Garcia-Sanchez Alfredo, Cerrato Rosario, Larrasa Jose, Ambrose Nicholas C, Parra Alberto, Alonso Juan M, Hermoso-de-Mendoza Miguel, Rey Joaquin M, Mine Madisa O, Carnegie Patrick R, Ellis Trevor M, Masters Anne M, Pemberton Alan D, Hermoso-de-Mendoza Javier
Infectious Disease Unit, Medicine and Animal Health, University of Extremadura, Campus UEX, Avda. Universidad s/n, 10071 Caceres, Spain.
FEMS Microbiol Lett. 2004 Feb 9;231(1):53-7. doi: 10.1016/S0378-1097(03)00958-3.
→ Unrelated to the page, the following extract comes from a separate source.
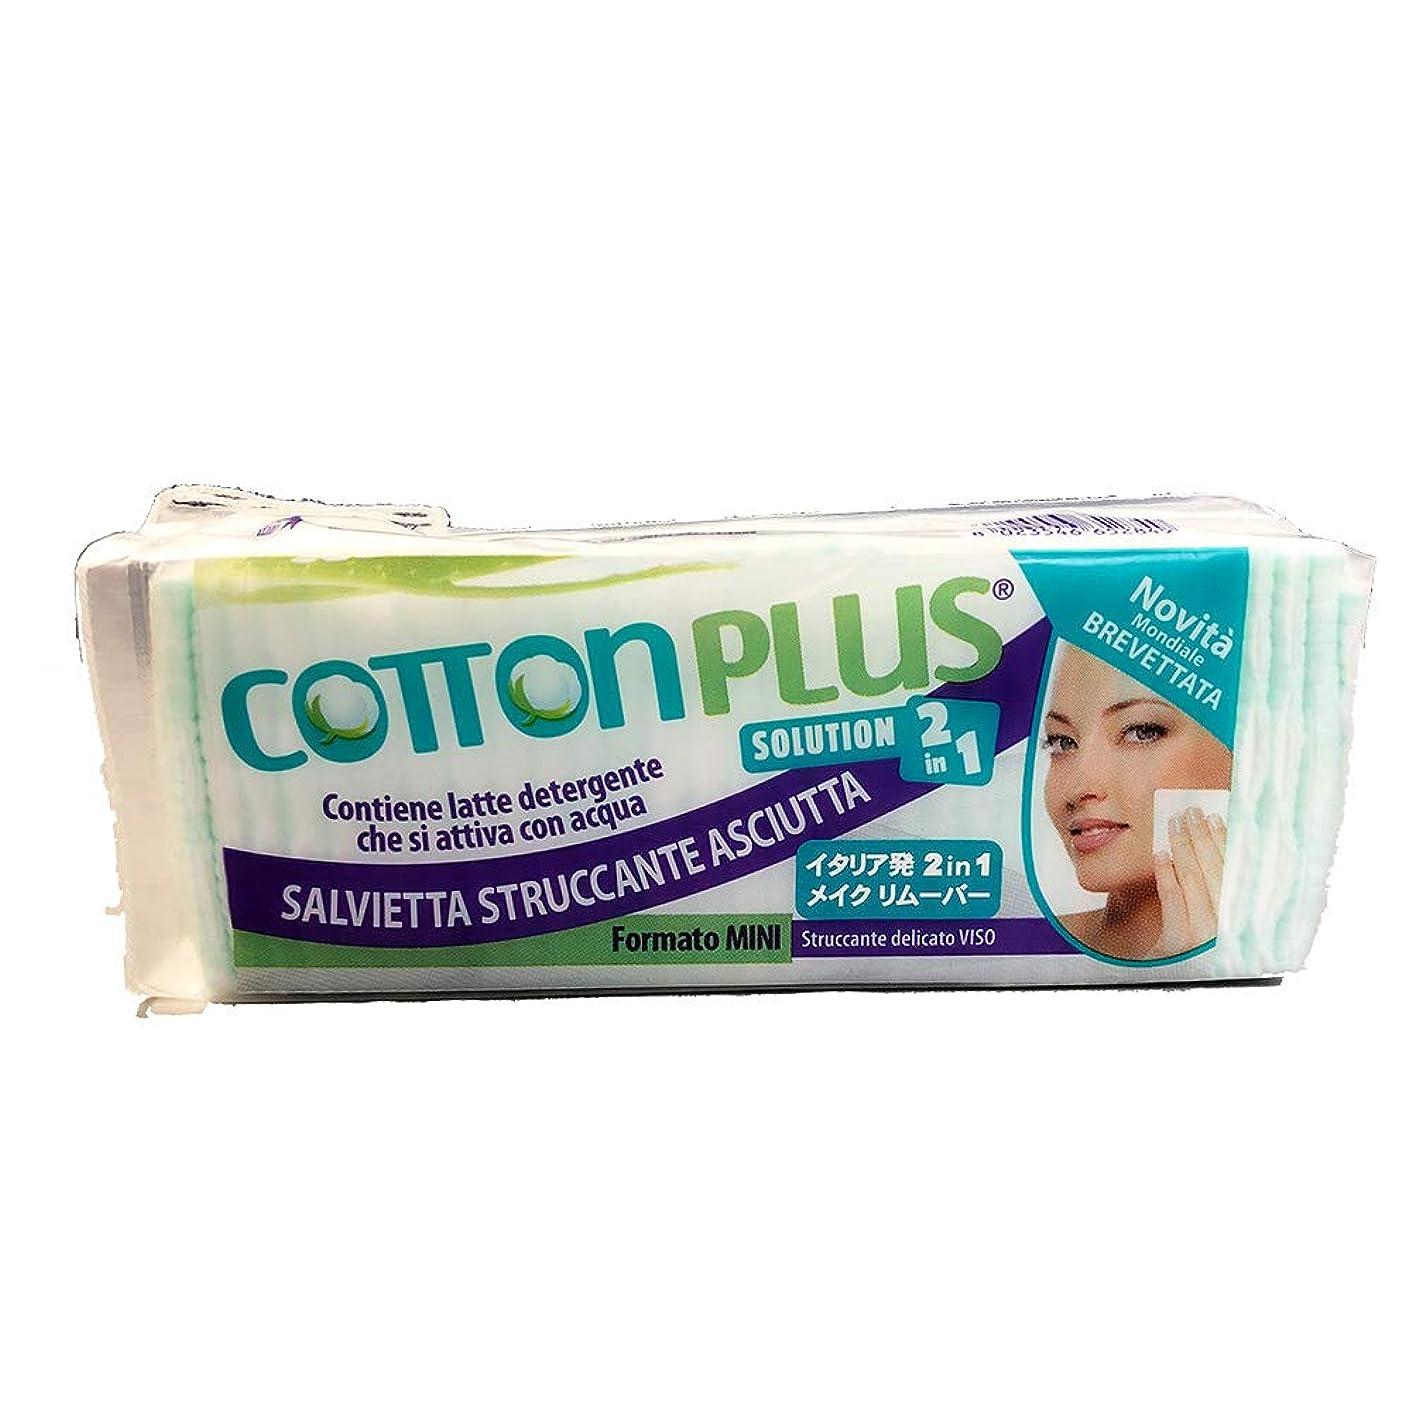 敬なモードリン六クレンジングコットン メイク落とし コットンプラス COTTON PLUS SOLUTION 2 IN 1 ミニサイズ(60枚入り) 保湿 化粧水

A partial amino acid sequence of a serine protease from Dermatophilus congolensis allowed the design of oligonucleotide primers that were complemented with additional ones from previously published partial sequences of the gene encoding the enzyme. The polymerase chain reaction (PCR), using combinations of specific and degenerate oligonucleotide primers, allowed the amplification of a 1738-bp internal fragment of the gene, which was finally characterised by inverse PCR as the first full-length sequenced serine protease gene (nasp) from Dermatophilus congolensis. The deduced amino acid sequence of this enzyme, probably involved in the pathogenesis of dermatophilosis, links it to the subtilisin family of proteases.
来自刚果嗜皮菌的一种丝氨酸蛋白酶的部分氨基酸序列,使得能够设计出寡核苷酸引物,这些引物与先前发表的该酶编码基因部分序列中的其他引物互补。使用特异性和简并寡核苷酸引物的组合进行聚合酶链反应(PCR),能够扩增出该基因的一个1738 bp的内部片段,该片段最终通过反向PCR被鉴定为来自刚果嗜皮菌的首个全长测序的丝氨酸蛋白酶基因(nasp)。该酶的推导氨基酸序列可能与嗜皮菌病的发病机制有关,将其与枯草杆菌蛋白酶家族的蛋白酶联系起来。